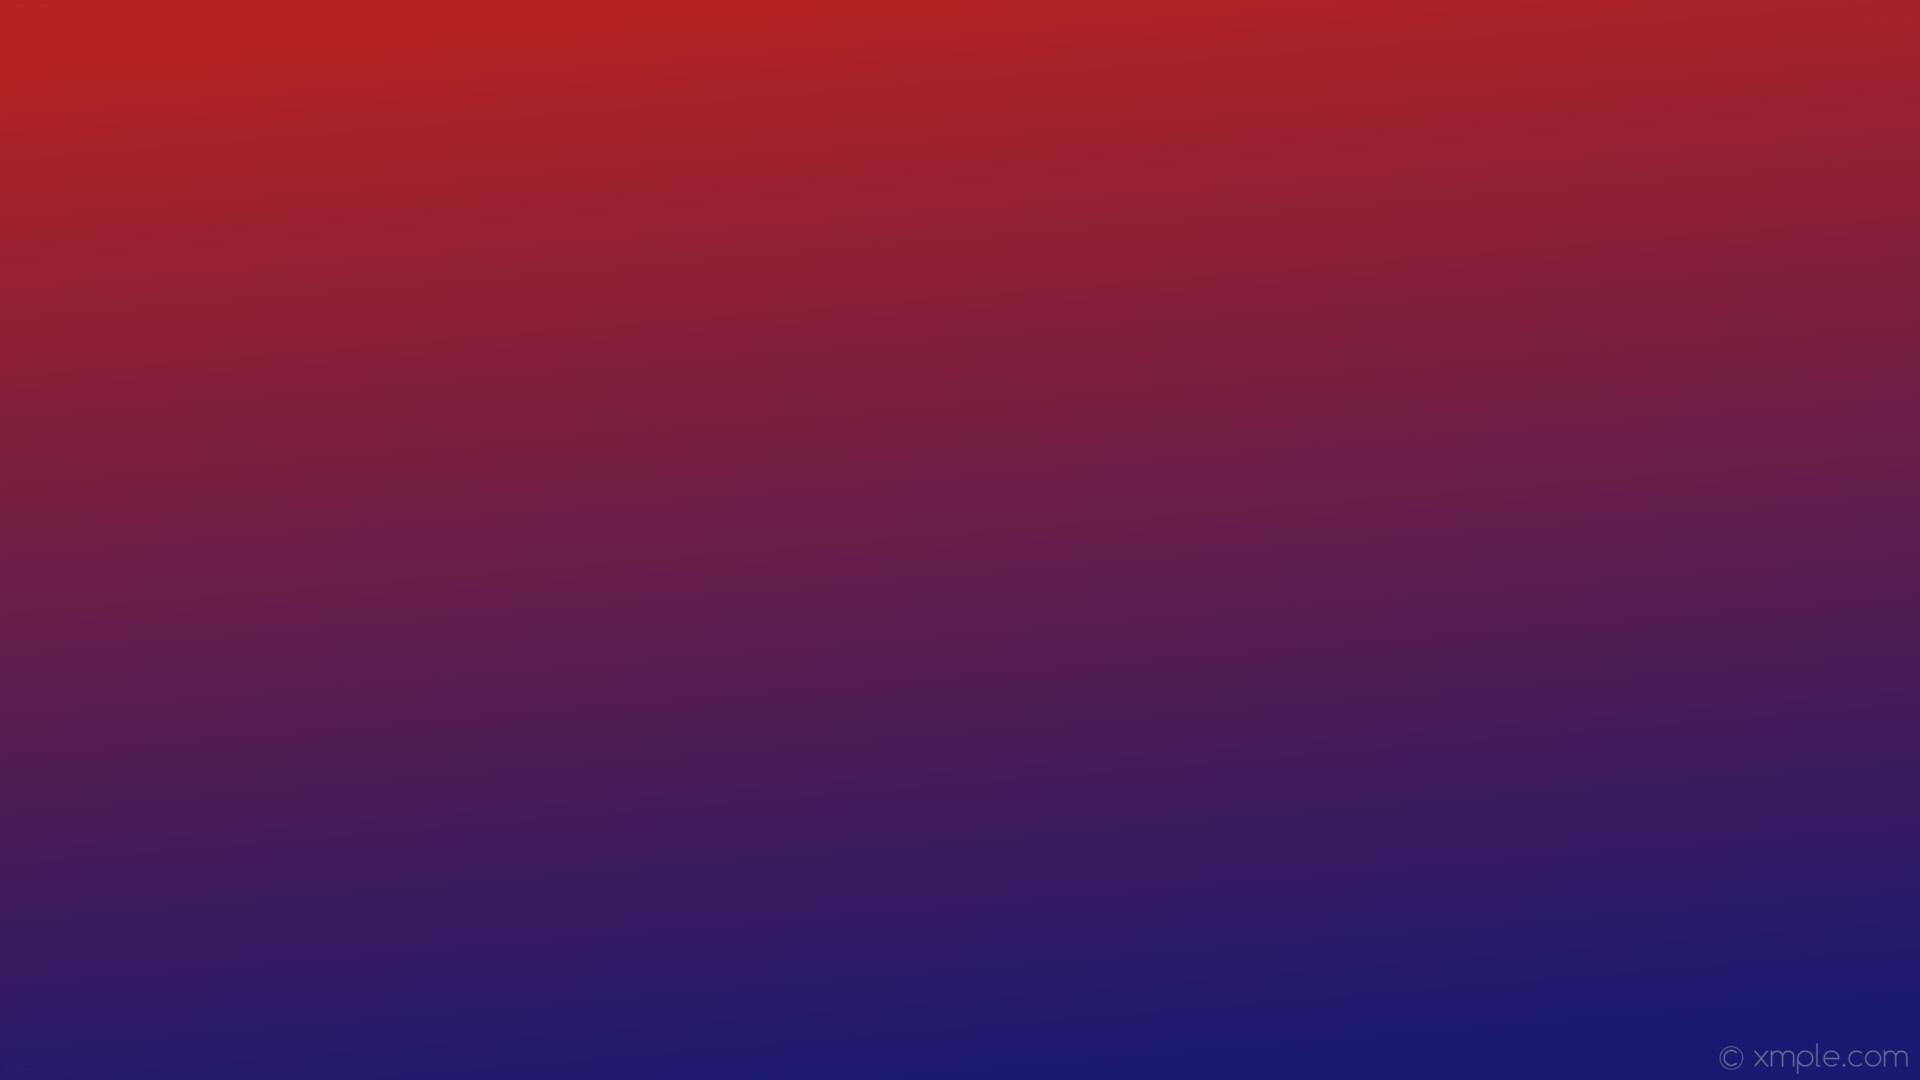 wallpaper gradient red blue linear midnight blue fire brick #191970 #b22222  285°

--

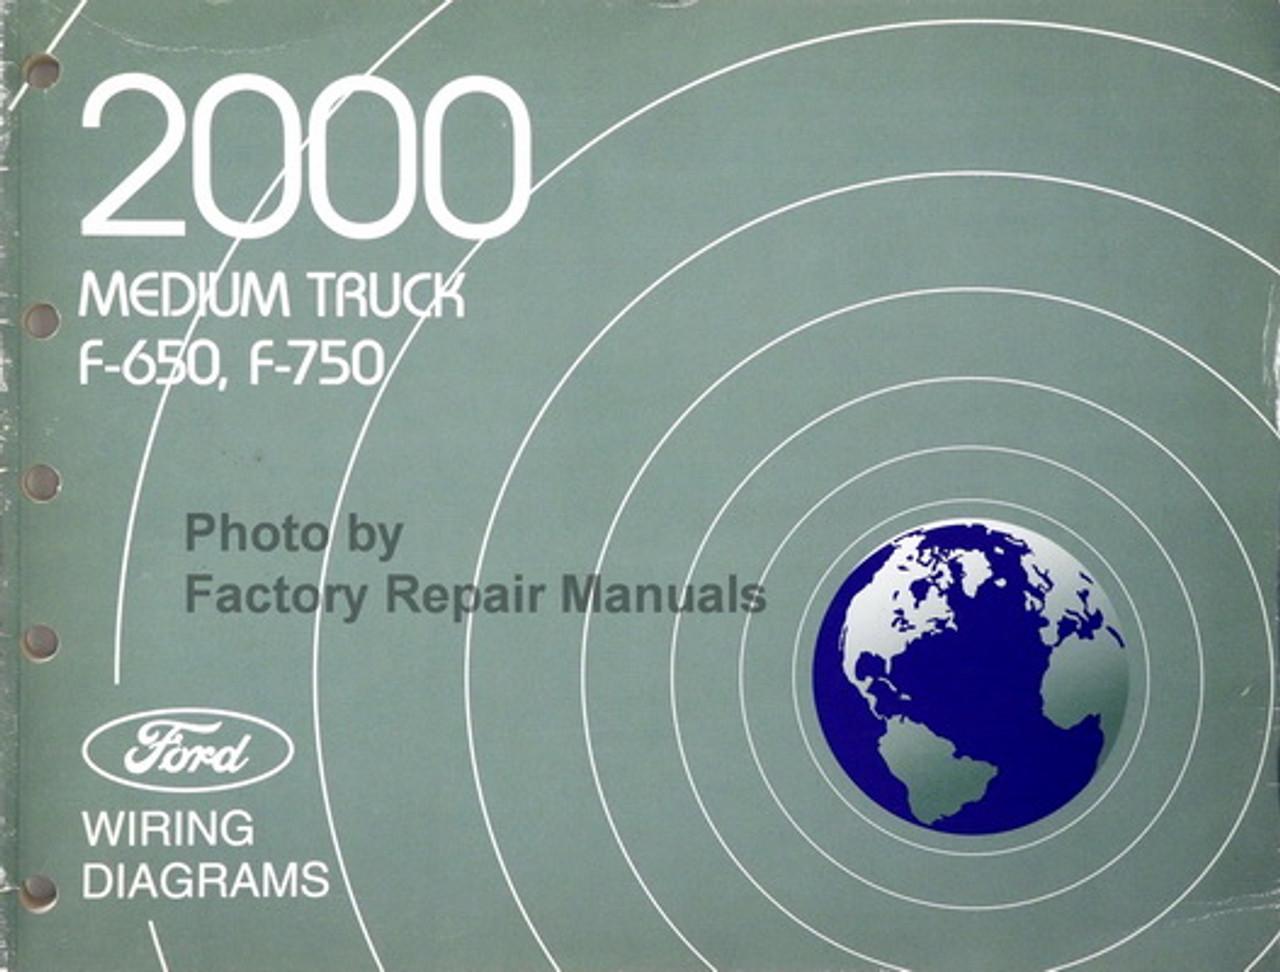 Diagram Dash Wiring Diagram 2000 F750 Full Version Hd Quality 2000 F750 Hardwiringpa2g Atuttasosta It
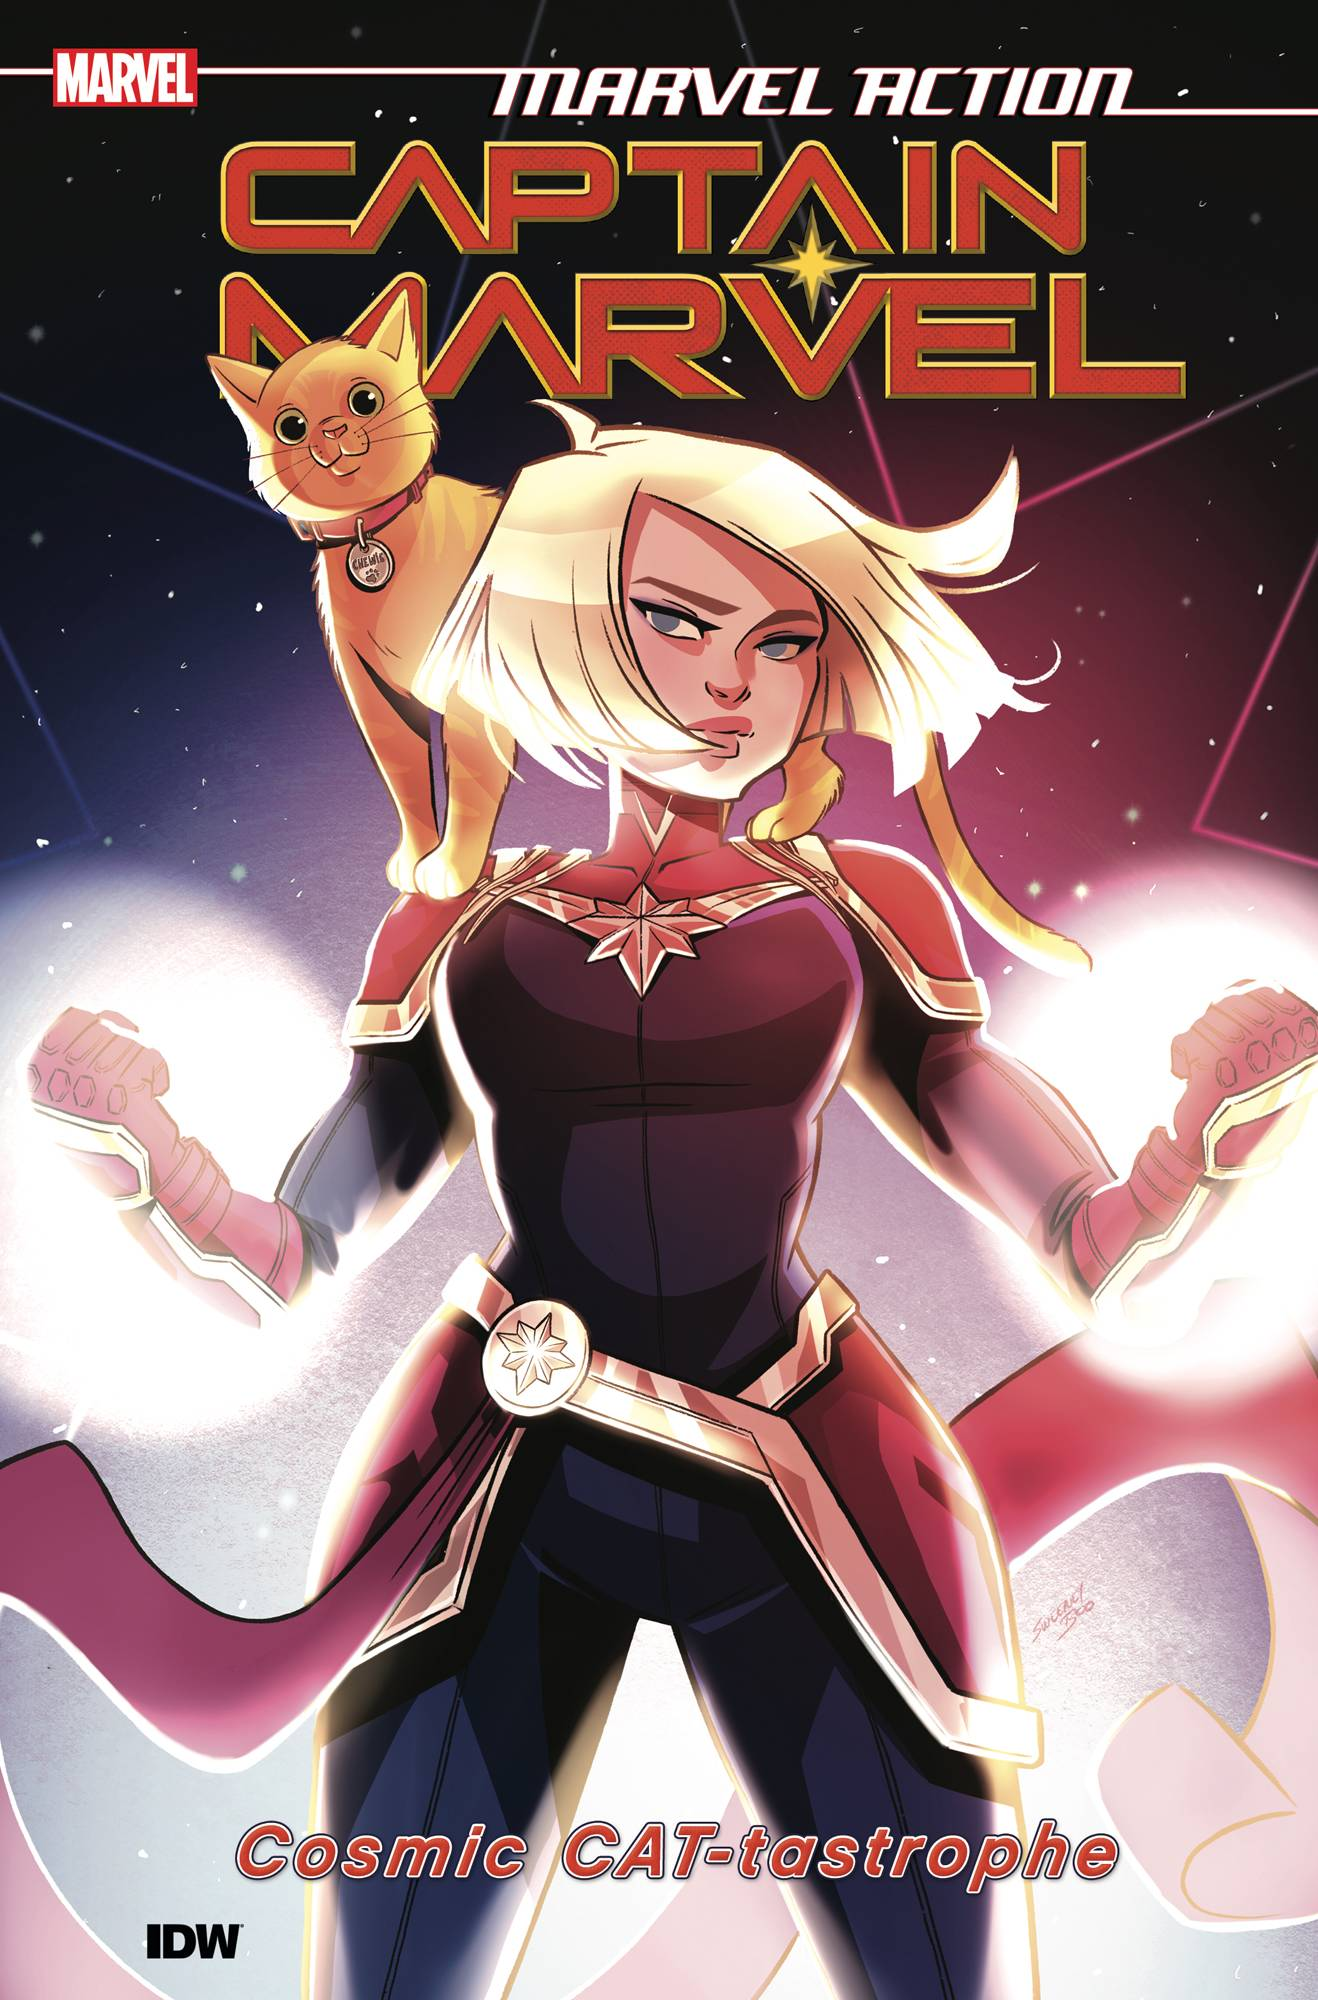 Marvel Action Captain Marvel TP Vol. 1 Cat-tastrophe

REQUIREMENT – Line for line, output the entries above from the line with "Diagram Dash Wiring" to the line with "Marvel Action Captain", both included, and nothing more. Skip pictures.

EXERCISE RESULT –
 Diagram Dash Wiring Diagram 2000 F750 Full Version Hd Quality 2000 F750 Hardwiringpa2g Atuttasosta It
 Marvel Action Captain Marvel TP Vol. 1 Cat-tastrophe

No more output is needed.